Therefore, under this condition, if the decrease in the internal pressure of the container body 1 is less than 65 hPa, the degree of battery sealing is perfect, and if it is 65 to 565 hPa, the sealing is a little poor and 565 hPa is required. If the amount of decrease exceeds the limit, it can be determined that the battery has a poor sealing. That is, it has been clarified that the degree of sealing of the battery can be determined simply and quickly by pressurizing the battery with a gas such as air and measuring the degree of decrease in the pressurizing pressure. [Example 2] In Example 2, the degree of battery sealing was determined by a battery external depressurization method.

1 million prismatic nickel-cadmium batteries similar to the above were used as the batteries whose degree of sealing was to be determined, and the same container as in Example 1 was used as the sealed container. (Method of measuring degree of sealing) In FIG. 1, the cylinder 3 is operated while adjusting the opening and closing of the on-off valves 5a and 5b to depressurize the container 1 to 100 hPa, leave it in this state for 24 hours, and after 24 hours, remove from the battery. The liquid leakage was visually observed.
As a result, creeping was confirmed in 25 batteries, and no abnormality was confirmed in the remaining 99,975 batteries.

Regarding the batteries for which no abnormality is confirmed,
Further, the battery was left at room temperature for 3 months and observed for creeping. As a result, creeping was not confirmed in any of the batteries. From these results, it is considered that when the outside of the battery is depressurized, the creeping phenomenon is accelerated in the battery having a poor degree of sealing because the electrolyte and gas inside the battery are sucked out to the outside of the battery. From this, it was clarified that the degree of sealing can be measured in a short time by reducing the pressure outside the battery.

When a battery in which creeping was observed was placed in a transparent container and depressurized to 50 hPa, liquid leakage occurred from the creeping portion to the extent that it could be easily confirmed with the naked eye. Therefore, in the battery external pressure reducing method, it is possible to automatically detect the liquid leakage by using image processing. [Example 3] In Example 3, the degree of battery sealing was measured by a method in which the outside of the battery was at normal pressure and the inside of the battery was pressurized.

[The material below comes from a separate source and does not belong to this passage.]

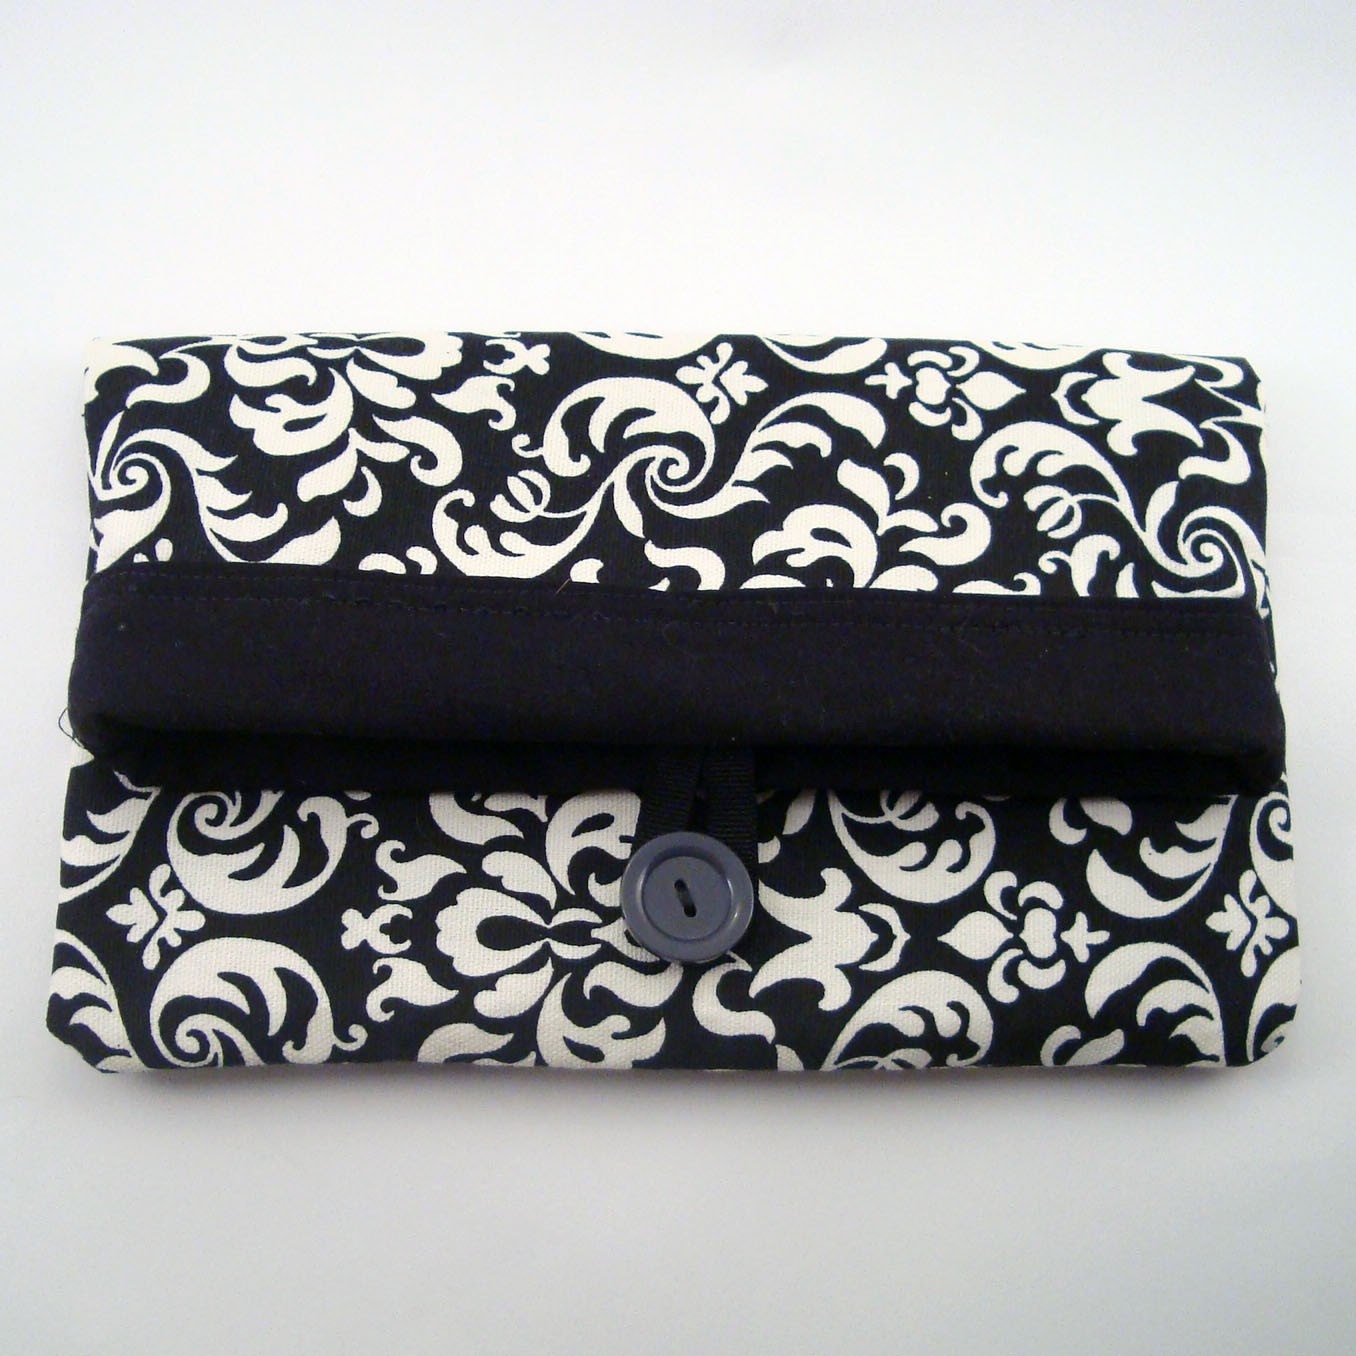 Black and white foldover purse

1 million prismatic nickel-cadmium batteries similar to those used in Example 1 were used. These batteries were charged at 0.8 A for 3 minutes and then allowed to stand for 24 hours to examine whether creeping occurred. As a result, creeping was confirmed in 19 batteries. The remaining 999,981 batteries were left for 3 months at room temperature and examined for creeping. As a result, no creeping was observed in any of the batteries.

From these results, it became clear that the degree of battery sealing can be measured by the method of increasing the battery internal pressure by high rate charging. It is possible to determine the degree of sealing of the battery by high-rate charging because high-rate charging raises the battery temperature due to the electrode reaction and gas generation inside the battery, which increases the battery internal pressure. This is because it is possible to accelerate the electrolyte leakage or creeping phenomenon that occurs when the degree of battery sealing is poor.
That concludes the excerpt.